Una sonrisa se insinuó en los labios de Burel.

—Entonces no habría venido a verte.

Ahora fue ella quien se puso de puntillas y besó suavemente sus labios.

Magdalena le entregó la palmatoria, echó la tranca en el portón y, cogiéndolo de la mano, tiró de él. Burel nunca había entrado en la casa. Don Fulgencio, que ignoraba el romance que su sobrina vivía con un criado, jamás habría consentido aquella relación y mucho menos tratándose de un liberal. Se fueron directos a la alcoba de Magdalena.

Era la primera vez que entraba en la casa, pero no la primera que compartían lecho, a pesar de que su tío siempre estaba vigilante. Hicieron el amor con una pasión desbocada y después, más sosegadamente, fueron recreándose en sus caricias. Magdalena se había soltado su larga y negra melena que le confería el aspecto de una beldad a la que Burel no se cansaba de mirar. Tendida en la cama, ella lo miraba arrobada.

—¿En qué piensas?

—En que se avecinan tiempos difíciles. No sé si te conviene estar a mi lado.

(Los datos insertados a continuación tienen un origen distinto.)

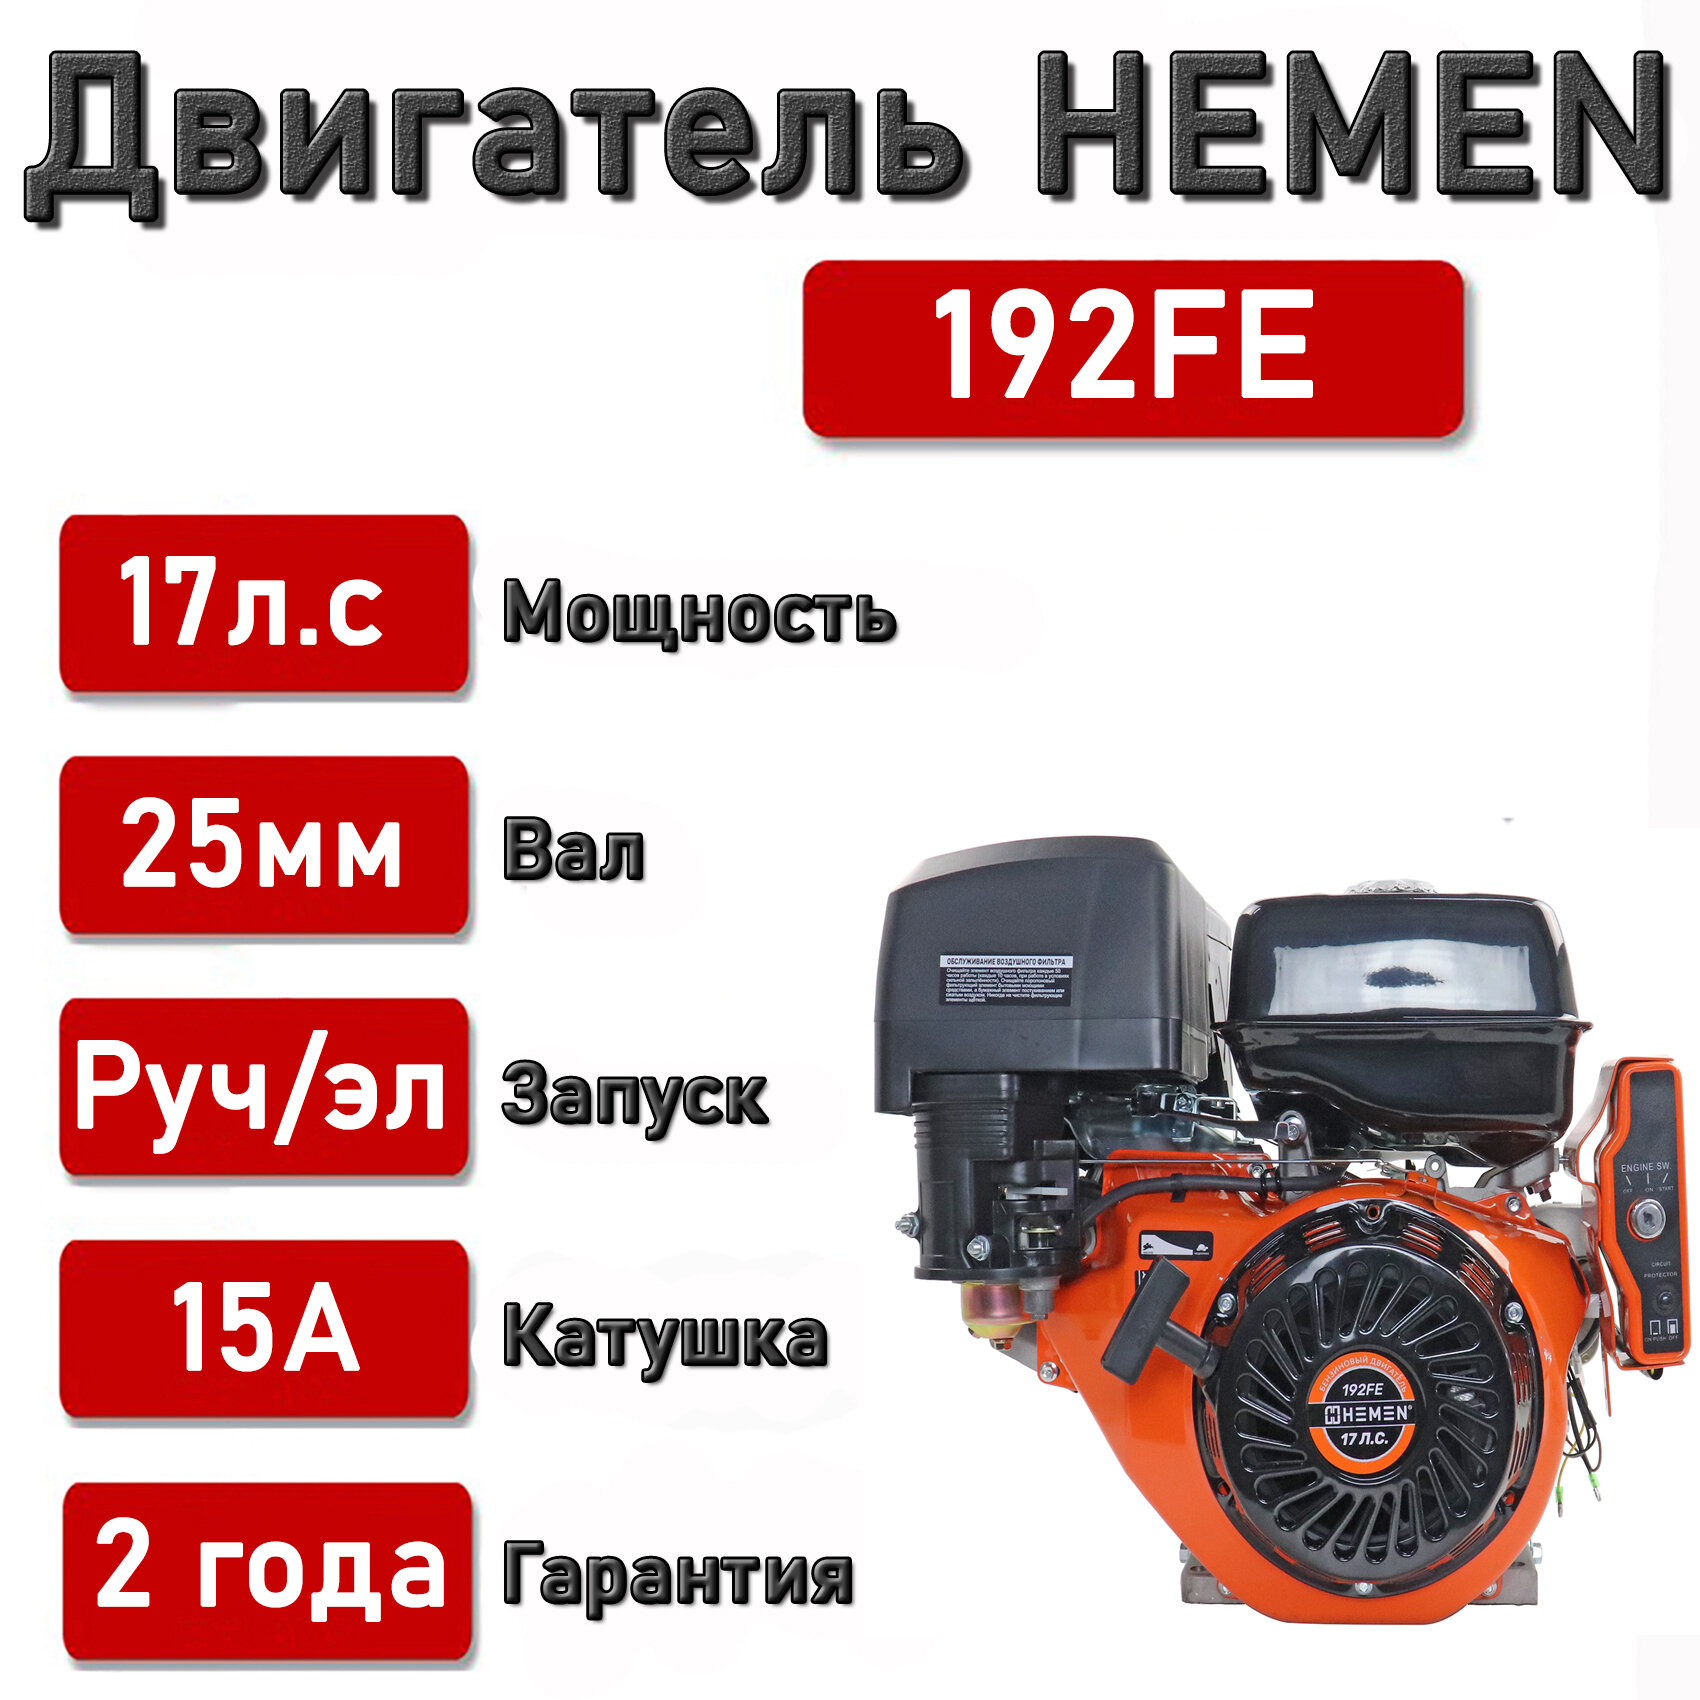 Двигатель HEMEN 17,0 л. с. с катушкой 15А180Вт 192FE (445 см3) электростартер, вал 25 мм

—No me asustes ni digas tonterías, Antonio.

—Es la verdad. En Madrid han ocurrido graves sucesos.

—¿Habrá otra guerra?

Burel guardó silencio. Su respuesta no gustaría a Magdalena y, aunque lo último que deseaba era una guerra, en el fondo de su corazón no le disgustaba esa posibilidad. Decidió dar un giro a la conversación para no decir alguna inconveniencia. Sabía que adoraba a su tío.

—¿A qué ha ido tu tío a Loja?

—A buscar unas escrituras de no sé qué asunto. Cosas de la Chancillería… Todo ha sido muy precipitado. Salió esta misma tarde y tendrá que hacer noche en el camino.

—¿Podremos vernos mañana?

—Por supuesto. ¿Podrás venir?

Burel apretó a Magdalena contra su cuerpo.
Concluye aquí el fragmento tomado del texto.